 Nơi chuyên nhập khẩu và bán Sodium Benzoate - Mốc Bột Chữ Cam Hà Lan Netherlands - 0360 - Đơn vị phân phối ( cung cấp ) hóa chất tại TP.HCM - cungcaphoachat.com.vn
--
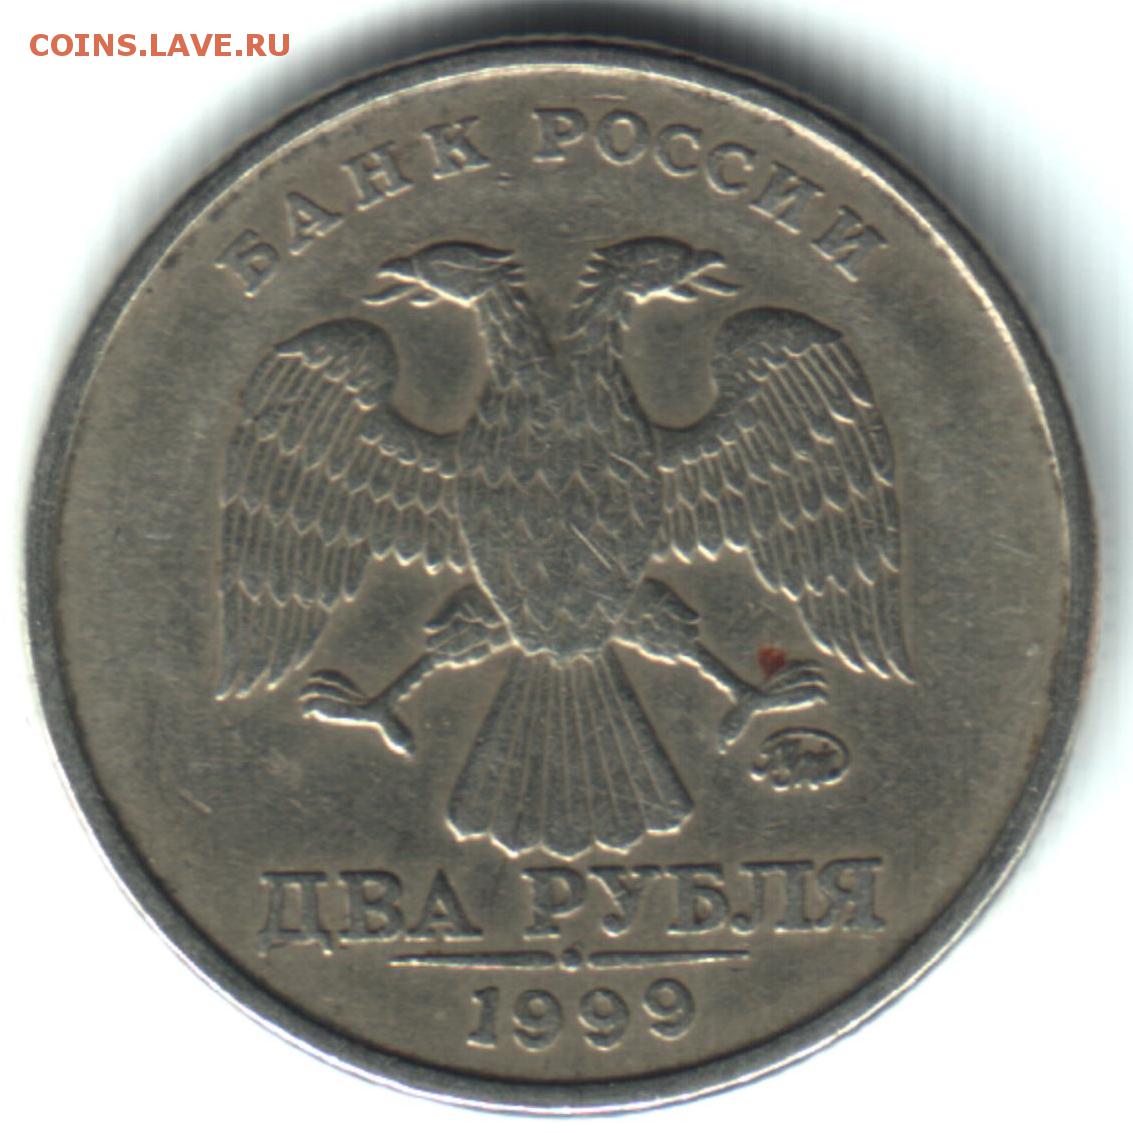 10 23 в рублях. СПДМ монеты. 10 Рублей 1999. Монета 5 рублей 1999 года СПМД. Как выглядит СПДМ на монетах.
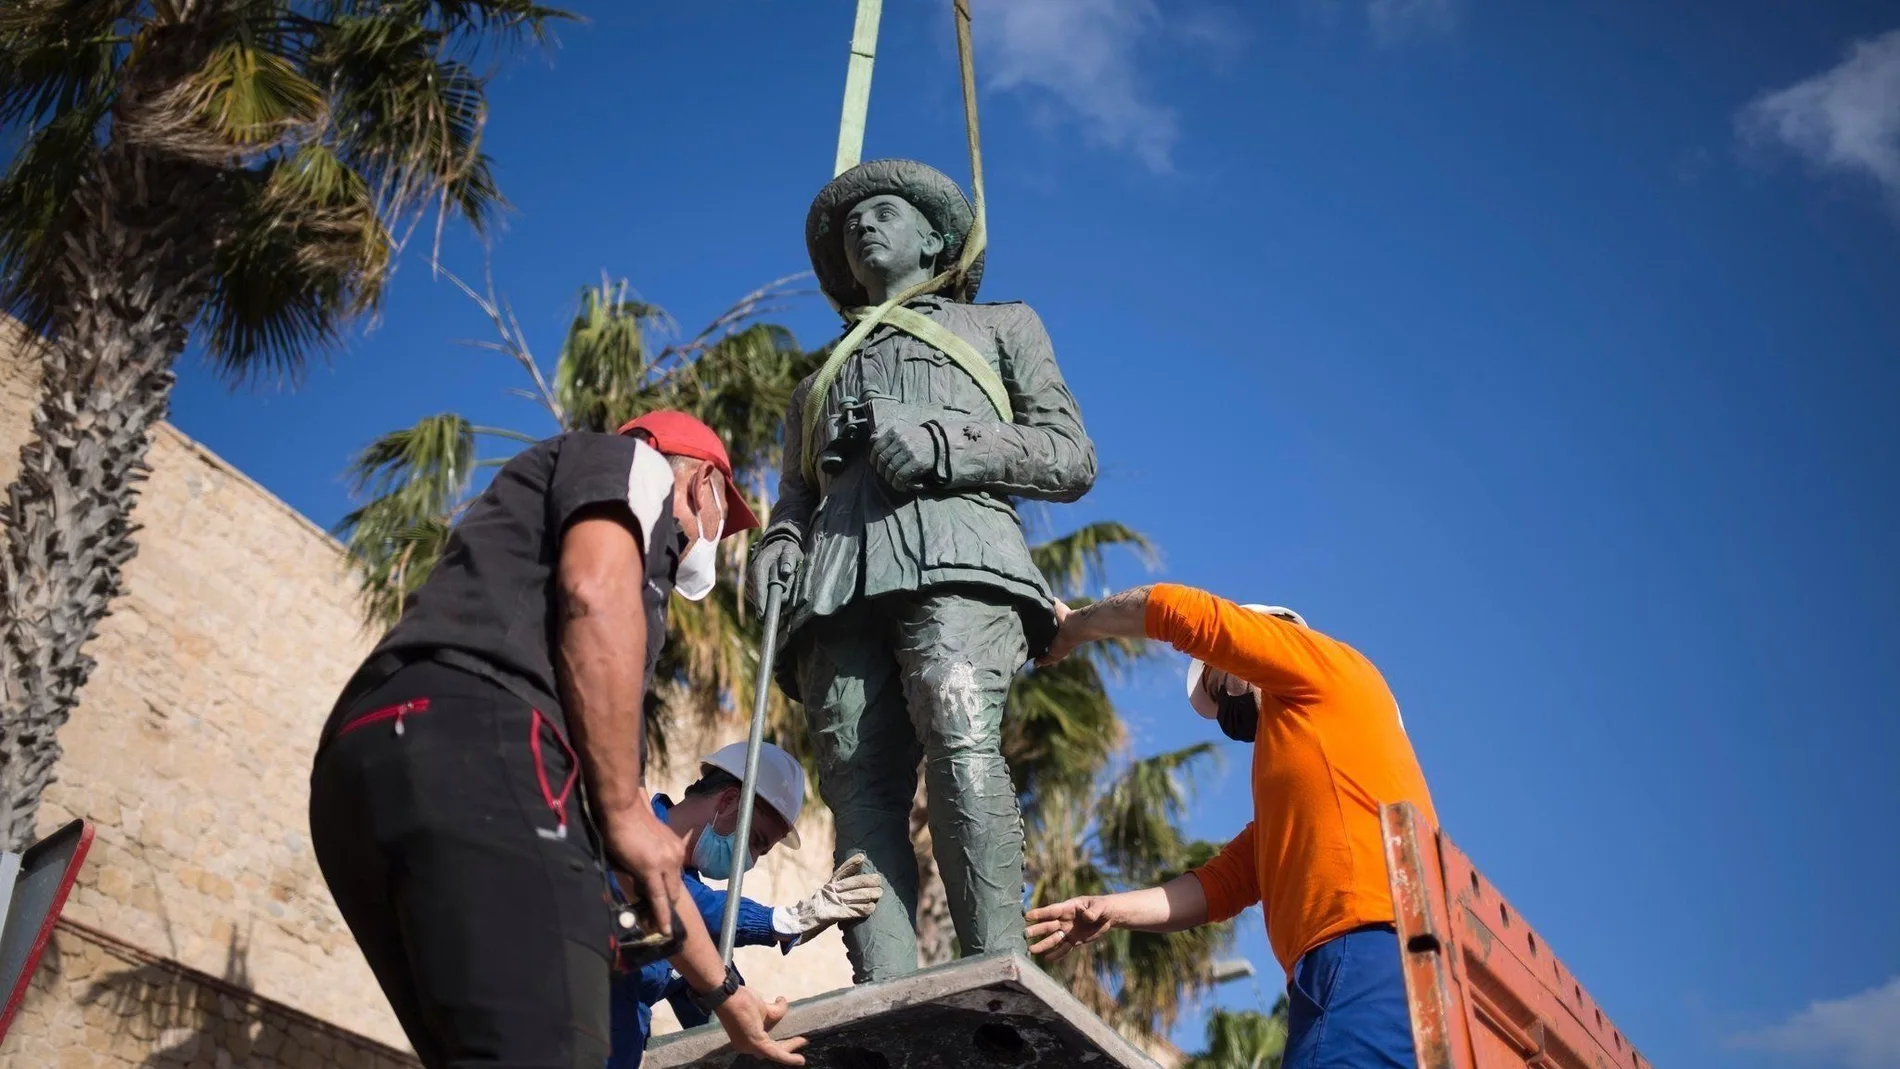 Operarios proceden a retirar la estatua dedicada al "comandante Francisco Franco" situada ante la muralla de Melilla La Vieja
* * *
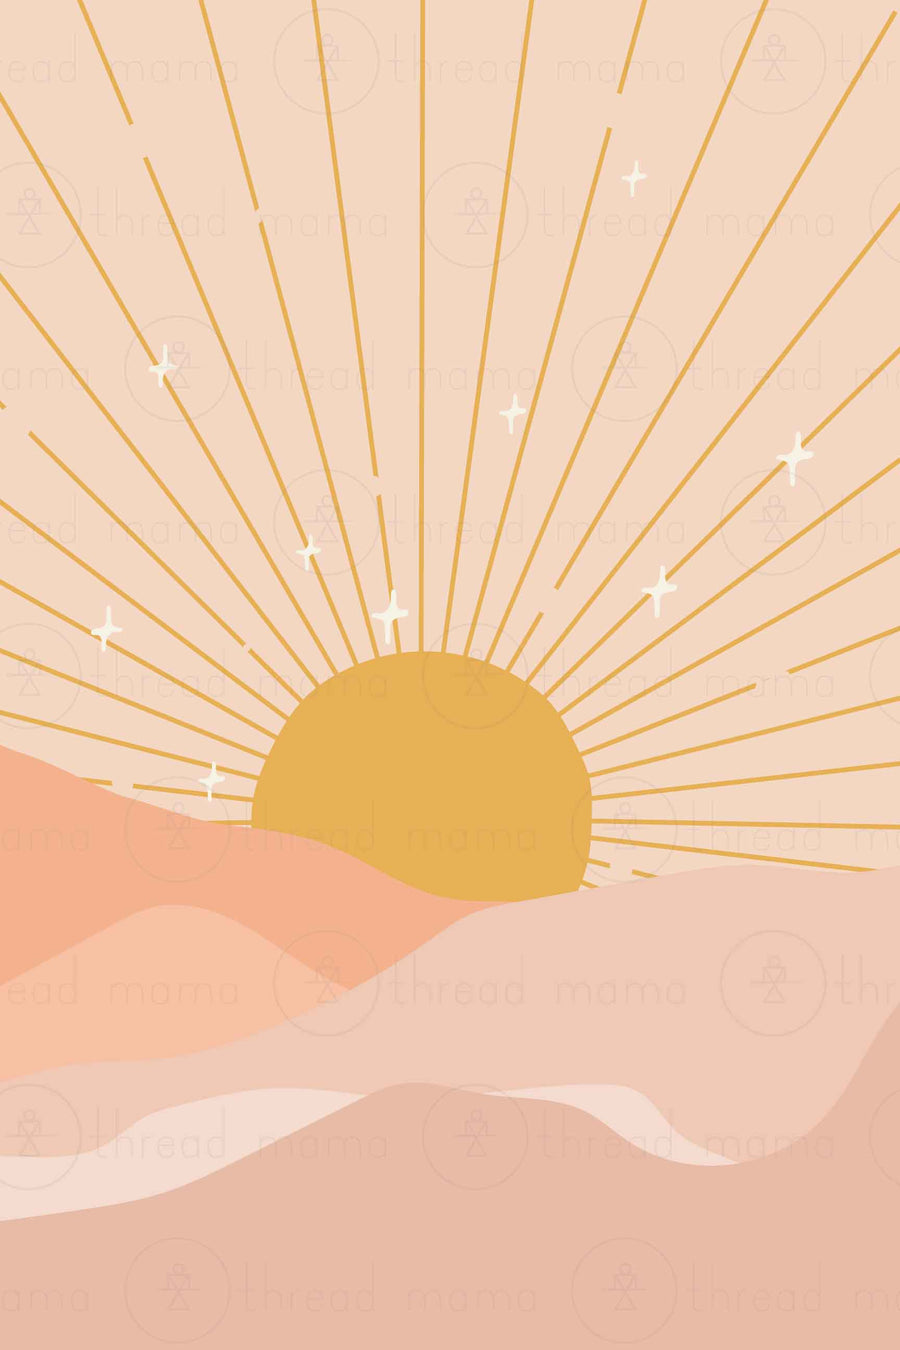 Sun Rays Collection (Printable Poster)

ASSIGNMENT →
Restate word for word the lines of the data above that begin at the line with "10 23 в рублях." and end at the line with "Operarios proceden a", keeping both ends and dropping every picture.

RESULT FOR THIS EXERCISE →
 10 23 в рублях. СПДМ монеты. 10 Рублей 1999. Монета 5 рублей 1999 года СПМД. Как выглядит СПДМ на монетах.
 Operarios proceden a retirar la estatua dedicada al "comandante Francisco Franco" situada ante la muralla de Melilla La Vieja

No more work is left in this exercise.